What is expected:
This exercise requires every record to be repeated exactly.

___ Supplied records

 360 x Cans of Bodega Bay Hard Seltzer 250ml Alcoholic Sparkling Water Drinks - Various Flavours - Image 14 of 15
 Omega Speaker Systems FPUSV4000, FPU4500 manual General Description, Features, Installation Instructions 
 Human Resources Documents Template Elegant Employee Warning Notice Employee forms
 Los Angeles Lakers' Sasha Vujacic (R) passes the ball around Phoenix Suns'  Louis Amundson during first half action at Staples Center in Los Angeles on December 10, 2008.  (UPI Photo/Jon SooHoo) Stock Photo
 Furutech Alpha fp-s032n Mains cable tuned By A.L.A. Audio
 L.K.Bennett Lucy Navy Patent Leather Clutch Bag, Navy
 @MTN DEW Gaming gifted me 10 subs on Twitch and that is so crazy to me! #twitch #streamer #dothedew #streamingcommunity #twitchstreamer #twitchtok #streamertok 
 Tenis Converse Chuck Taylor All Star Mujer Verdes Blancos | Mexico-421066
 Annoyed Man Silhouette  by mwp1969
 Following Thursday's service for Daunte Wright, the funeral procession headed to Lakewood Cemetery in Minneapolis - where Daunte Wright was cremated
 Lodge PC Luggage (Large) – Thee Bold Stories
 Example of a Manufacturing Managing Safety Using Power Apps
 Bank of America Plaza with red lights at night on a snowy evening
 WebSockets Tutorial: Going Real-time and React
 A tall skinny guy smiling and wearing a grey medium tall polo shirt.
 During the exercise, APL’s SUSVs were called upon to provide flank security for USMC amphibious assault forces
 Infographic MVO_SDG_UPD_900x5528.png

______

Task result:
 360 x Cans of Bodega Bay Hard Seltzer 250ml Alcoholic Sparkling Water Drinks - Various Flavours - Image 14 of 15
 Omega Speaker Systems FPUSV4000, FPU4500 manual General Description, Features, Installation Instructions 
 Human Resources Documents Template Elegant Employee Warning Notice Employee forms
 Los Angeles Lakers' Sasha Vujacic (R) passes the ball around Phoenix Suns'  Louis Amundson during first half action at Staples Center in Los Angeles on December 10, 2008.  (UPI Photo/Jon SooHoo) Stock Photo
 Furutech Alpha fp-s032n Mains cable tuned By A.L.A. Audio
 L.K.Bennett Lucy Navy Patent Leather Clutch Bag, Navy
 @MTN DEW Gaming gifted me 10 subs on Twitch and that is so crazy to me! #twitch #streamer #dothedew #streamingcommunity #twitchstreamer #twitchtok #streamertok 
 Tenis Converse Chuck Taylor All Star Mujer Verdes Blancos | Mexico-421066
 Annoyed Man Silhouette  by mwp1969
 Following Thursday's service for Daunte Wright, the funeral procession headed to Lakewood Cemetery in Minneapolis - where Daunte Wright was cremated
 Lodge PC Luggage (Large) – Thee Bold Stories
 Example of a Manufacturing Managing Safety Using Power Apps
 Bank of America Plaza with red lights at night on a snowy evening
 WebSockets Tutorial: Going Real-time and React
 A tall skinny guy smiling and wearing a grey medium tall polo shirt.
 During the exercise, APL’s SUSVs were called upon to provide flank security for USMC amphibious assault forces
 Infographic MVO_SDG_UPD_900x5528.png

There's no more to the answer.